**Work order:**
Below are some records. Return exactly the lines from the one containing "Pictures from the" through the one containing "Methods and systems", both included, and only those.

**Records for the task:**
##############################
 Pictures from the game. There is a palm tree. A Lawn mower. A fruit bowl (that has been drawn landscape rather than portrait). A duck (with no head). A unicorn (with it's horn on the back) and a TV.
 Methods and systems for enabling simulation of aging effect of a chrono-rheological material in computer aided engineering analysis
##############################
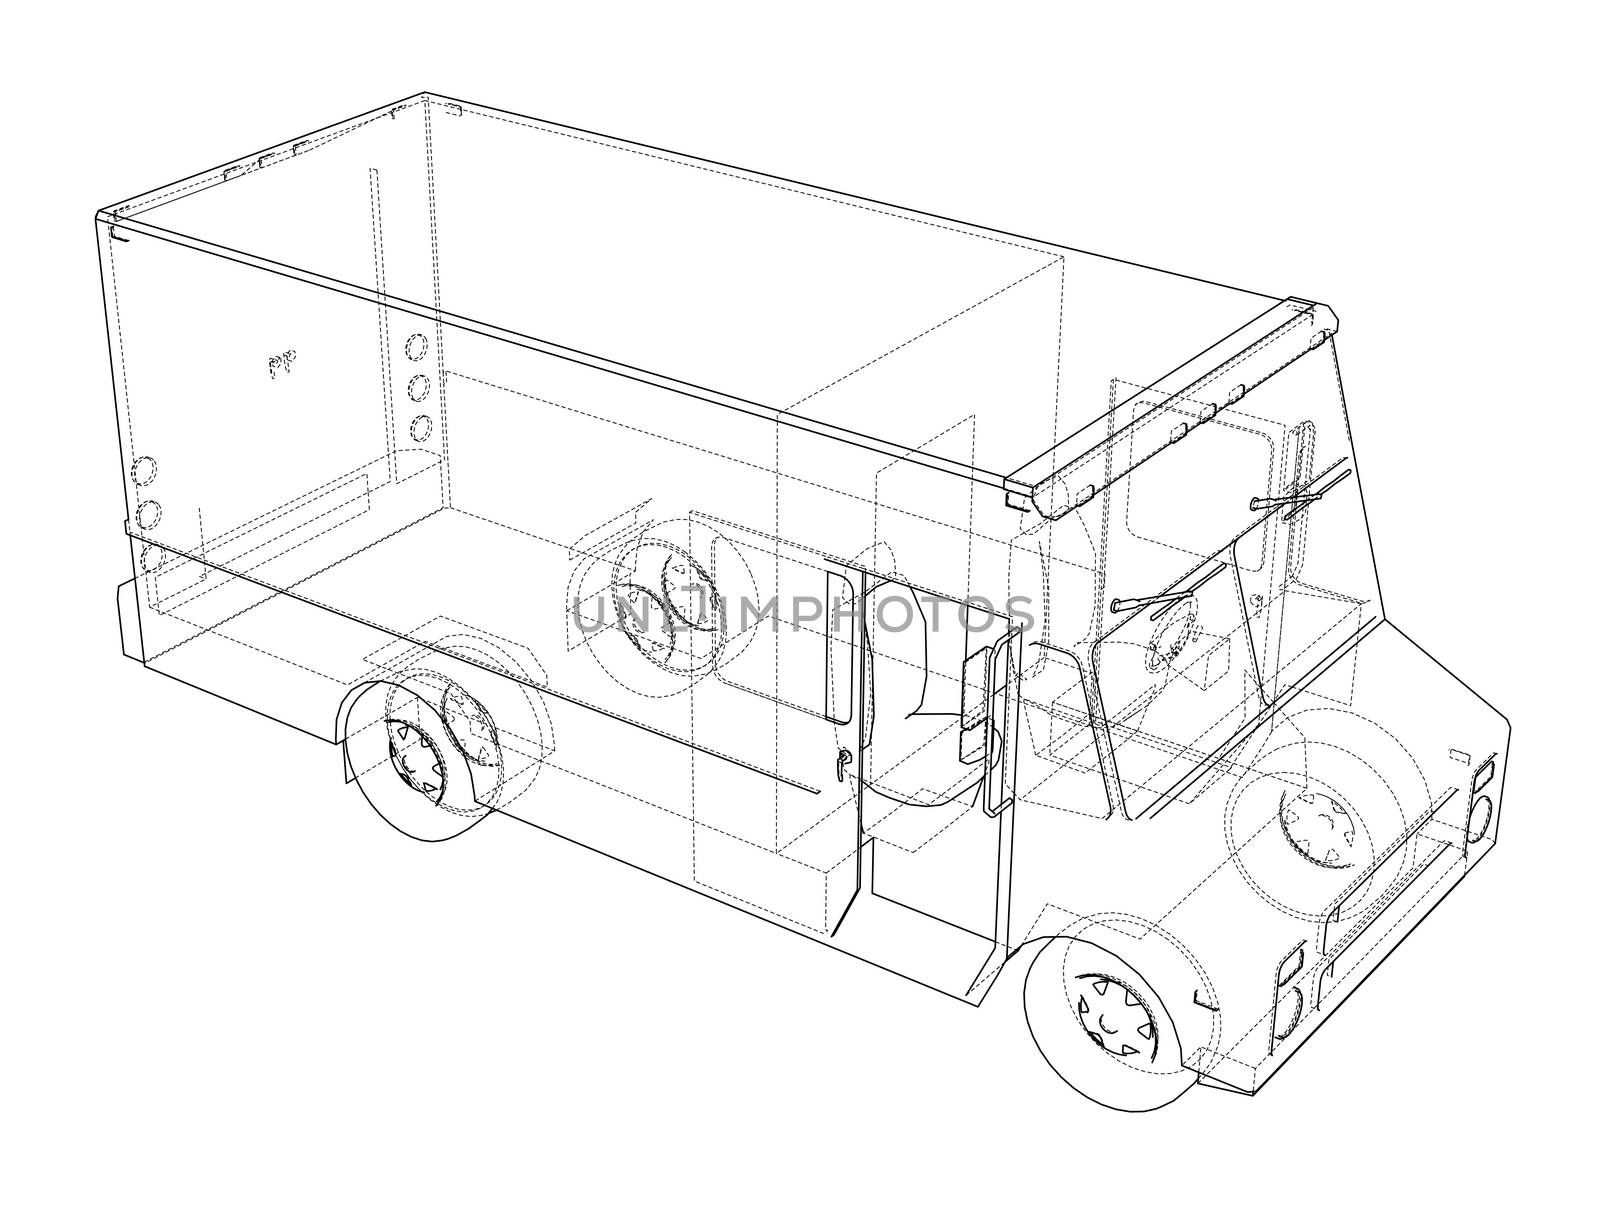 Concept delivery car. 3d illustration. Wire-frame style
##############################
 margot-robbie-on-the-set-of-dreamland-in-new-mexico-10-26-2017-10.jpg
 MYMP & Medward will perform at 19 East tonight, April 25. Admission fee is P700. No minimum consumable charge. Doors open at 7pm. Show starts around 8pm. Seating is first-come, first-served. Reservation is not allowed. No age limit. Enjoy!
##############################
**Result:**
 Pictures from the game. There is a palm tree. A Lawn mower. A fruit bowl (that has been drawn landscape rather than portrait). A duck (with no head). A unicorn (with it's horn on the back) and a TV.
 Methods and systems for enabling simulation of aging effect of a chrono-rheological material in computer aided engineering analysis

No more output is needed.